“But since we live in a world where people constantly offer anecdotal evidence to support their claims of unexplained subjective experiences rational people tend to ignore them.”
Stanley Jaki tells this story:
Laplace shouted, “We have had enough such myths,” when his fellow academician Marc-Auguste Pictet urged, in the full hearing of the Académie des Sciences, that attention be given to the report about a huge meteor shower that fell at L’Aigle, near Paris, on April 26, 1803.
I presume this would be an example of Laplace being rational and ignoring this evidence, in your view.
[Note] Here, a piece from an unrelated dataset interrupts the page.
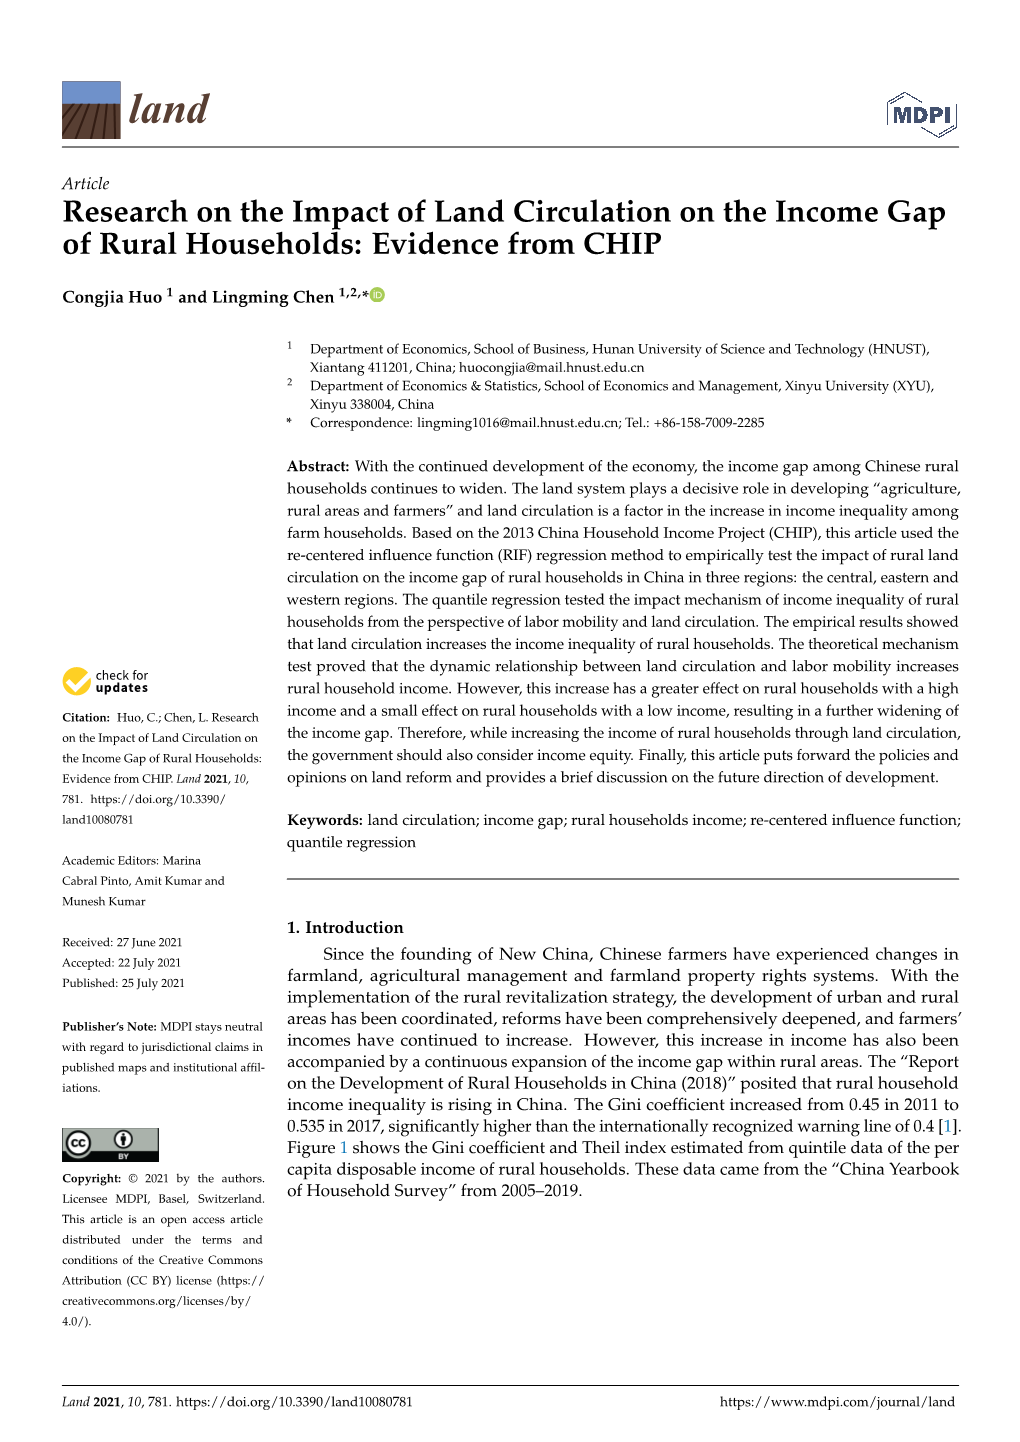 Research on the Impact of Land Circulation on the Income Gap of Rural Households: Evidence from CHIP

In my view, it shows that people trying to be rational sometimes fail to be rational, and one case of this is by ignoring weak evidence, when weak evidence is still evidence. Obviously you do not assume that everything is necessarily correct: but the alternative is to take it as weak evidence, rather than ignoring it.
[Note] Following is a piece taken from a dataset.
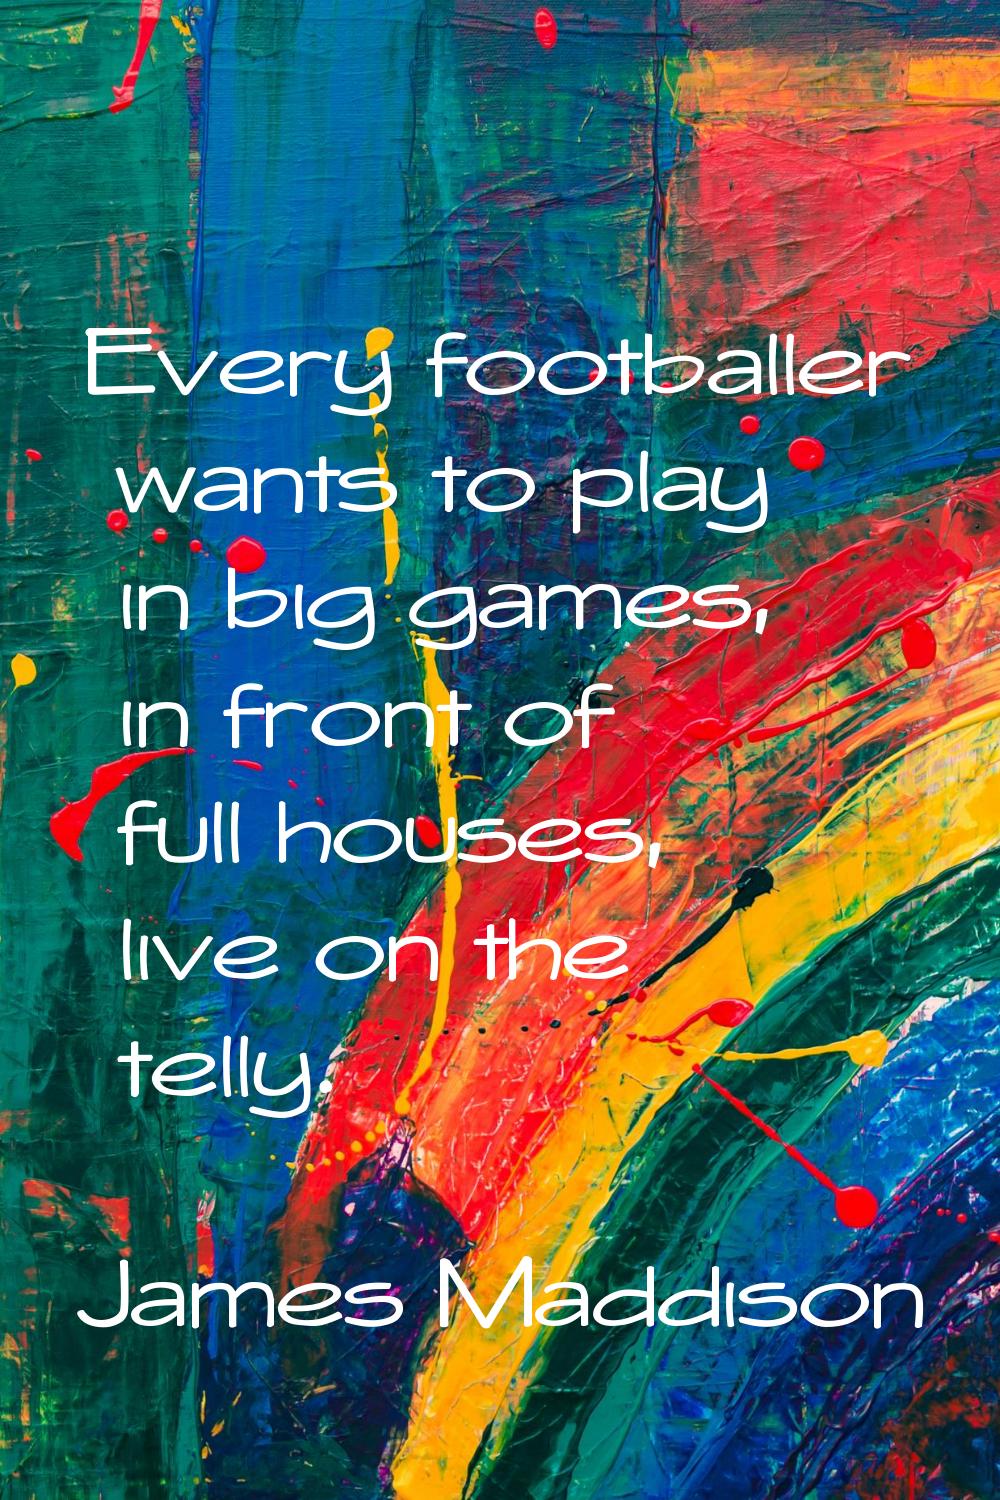 Every footballer wants to play in big games, in front of full houses, live on the telly.

“But since we live in a world where people constantly offer anecdotal evidence to support their claims of unexplained subjective experiences rational people tend to ignore them.”
Stanley Jaki tells this story:
I presume this would be an example of Laplace being rational and ignoring this evidence, in your view. In my view, it shows that people trying to be rational sometimes fail to be rational, and one case of this is by ignoring weak evidence, when weak evidence is still evidence. Obviously you do not assume that everything is necessarily correct: but the alternative is to take it as weak evidence, rather than ignoring it.
You are right!
I have edited the opening paragraph and conclusion, to present the idea as a bias. Let me know if you notice issues with this formulation.